Существует еще один аспект близости сюрреализма к мировым религиям — это путь натуралистического смакования человеческих страданий. Следует отметить, что средневековое европейское христианство поставило себе на службу не только розовый идеализм, но и грубый натурализм, когда в огромном количестве помещало в церквях скульптуры и картины, изображающие распятие Христа, снятие с креста, его оплакивание, мучения святого Себастьяна, святой Варвары, воскрешение Лазаря.

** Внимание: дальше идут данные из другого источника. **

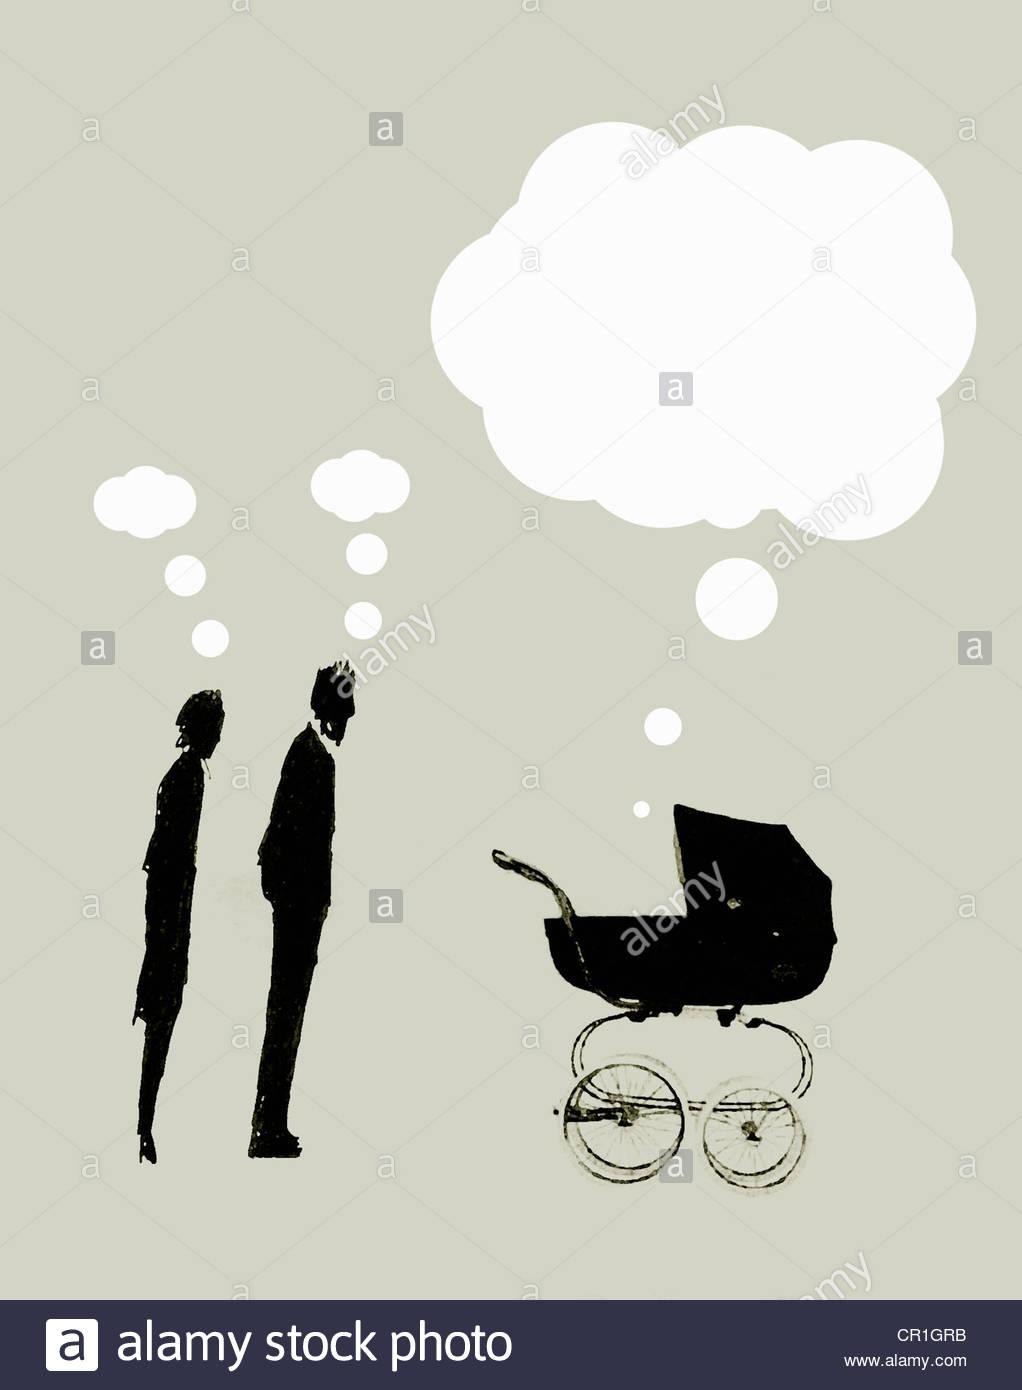 Los padres con pequeñas burbujas sobrecarga mirando pram con grandes burbujas de voz arriba Imagen De Stock

Церковный натурализм, как правило, был примитивен и наивен. Так, распятый Христос, корчащийся в муках, сам указывал перстом на причины своих страданий — зияющую и кровоточащую рану. Искаженные мукой лица, асимметричные и диспропорциональные разорванные тела, пронзенные копьями или стрелами, отрезанные головы и конечности — все это должно было послужить во славу господа и вместе с тем устрашить верующего, вызвать в нем чувство отчаяния и неизбежности мук и человеческих страданий в земной жизни. Здесь чувственный момент приобретает уже окраску психической патологии, спекуляции на человеческой физиологии. И тогда «Распятие», или «Пиета», превращалось в натуралистическое воспроизведение смерти человека, теряя тот гуманистический смысл, который заключен в эстетическом отражении трагического события. Сюрреализм «блестяще» продолжает традиции средневекового мистически-экзальтированного официального церковного натурализма. И действительно, во многих сюрреалистических «произведениях» можно видеть наряду с абсурдным сочетанием реальных предметов стремление всячески унизить человека, изобразить его как ничтожное—и гадкое существо: это какие-то червеподобные и вместе с тем похожие на человека существа, копошащиеся в отбросах, или же проволочные человечки, в отчаянии лезущие друг на друга. А иногда это прямое и откровенное смакование смерти, понятой чисто физиологически, вне всяких ее социальных и духовных аспектов, понятой не как трагедия, а лишь как отвратительный, низменный биологический акт уничтожения, как процесс исчезновения жизни. Вместе с тем сюрреалисты стремятся «современно» интерпретировать некоторые аспекты средневековой христианской мистериальной обрядности.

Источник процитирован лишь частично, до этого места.